Retype verbatim the lines of the listing, from the very first through the line with "広範囲忠誠アレキサンダーグラハムベルParrot Soap Botanicals".

Provided information —
□ □ □ □

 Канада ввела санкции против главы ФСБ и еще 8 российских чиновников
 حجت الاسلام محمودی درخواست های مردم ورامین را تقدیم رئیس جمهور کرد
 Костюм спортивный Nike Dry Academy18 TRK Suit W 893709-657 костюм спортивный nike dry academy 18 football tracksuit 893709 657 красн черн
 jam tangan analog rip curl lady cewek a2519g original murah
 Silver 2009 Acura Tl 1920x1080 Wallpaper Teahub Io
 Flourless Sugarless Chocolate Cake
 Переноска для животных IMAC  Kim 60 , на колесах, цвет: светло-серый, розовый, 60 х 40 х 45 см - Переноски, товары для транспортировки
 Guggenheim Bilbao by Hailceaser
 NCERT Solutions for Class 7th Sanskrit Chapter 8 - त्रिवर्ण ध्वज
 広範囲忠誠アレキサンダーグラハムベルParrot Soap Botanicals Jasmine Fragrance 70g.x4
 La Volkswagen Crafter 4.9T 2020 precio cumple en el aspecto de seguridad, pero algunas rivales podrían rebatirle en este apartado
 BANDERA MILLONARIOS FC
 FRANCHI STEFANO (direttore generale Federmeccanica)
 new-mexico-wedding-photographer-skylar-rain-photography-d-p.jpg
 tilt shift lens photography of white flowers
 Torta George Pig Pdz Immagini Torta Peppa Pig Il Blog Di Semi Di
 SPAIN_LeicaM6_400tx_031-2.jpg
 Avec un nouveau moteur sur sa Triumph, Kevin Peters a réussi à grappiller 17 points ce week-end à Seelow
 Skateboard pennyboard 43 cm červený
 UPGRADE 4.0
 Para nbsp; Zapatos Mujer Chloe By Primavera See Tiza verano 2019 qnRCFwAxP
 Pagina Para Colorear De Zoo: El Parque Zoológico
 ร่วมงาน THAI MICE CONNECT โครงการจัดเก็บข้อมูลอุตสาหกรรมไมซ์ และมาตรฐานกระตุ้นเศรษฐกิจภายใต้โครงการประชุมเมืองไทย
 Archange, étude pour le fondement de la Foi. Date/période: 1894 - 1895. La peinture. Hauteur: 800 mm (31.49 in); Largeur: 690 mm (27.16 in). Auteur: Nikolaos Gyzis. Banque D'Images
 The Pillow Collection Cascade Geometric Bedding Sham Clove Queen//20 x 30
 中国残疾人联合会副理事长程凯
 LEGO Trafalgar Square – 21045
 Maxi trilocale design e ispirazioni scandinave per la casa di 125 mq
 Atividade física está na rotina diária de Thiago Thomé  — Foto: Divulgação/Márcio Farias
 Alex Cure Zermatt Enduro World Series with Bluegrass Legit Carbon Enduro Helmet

□ □ □ □

Output for this task —
 Канада ввела санкции против главы ФСБ и еще 8 российских чиновников
 حجت الاسلام محمودی درخواست های مردم ورامین را تقدیم رئیس جمهور کرد
 Костюм спортивный Nike Dry Academy18 TRK Suit W 893709-657 костюм спортивный nike dry academy 18 football tracksuit 893709 657 красн черн
 jam tangan analog rip curl lady cewek a2519g original murah
 Silver 2009 Acura Tl 1920x1080 Wallpaper Teahub Io
 Flourless Sugarless Chocolate Cake
 Переноска для животных IMAC  Kim 60 , на колесах, цвет: светло-серый, розовый, 60 х 40 х 45 см - Переноски, товары для транспортировки
 Guggenheim Bilbao by Hailceaser
 NCERT Solutions for Class 7th Sanskrit Chapter 8 - त्रिवर्ण ध्वज
 広範囲忠誠アレキサンダーグラハムベルParrot Soap Botanicals Jasmine Fragrance 70g.x4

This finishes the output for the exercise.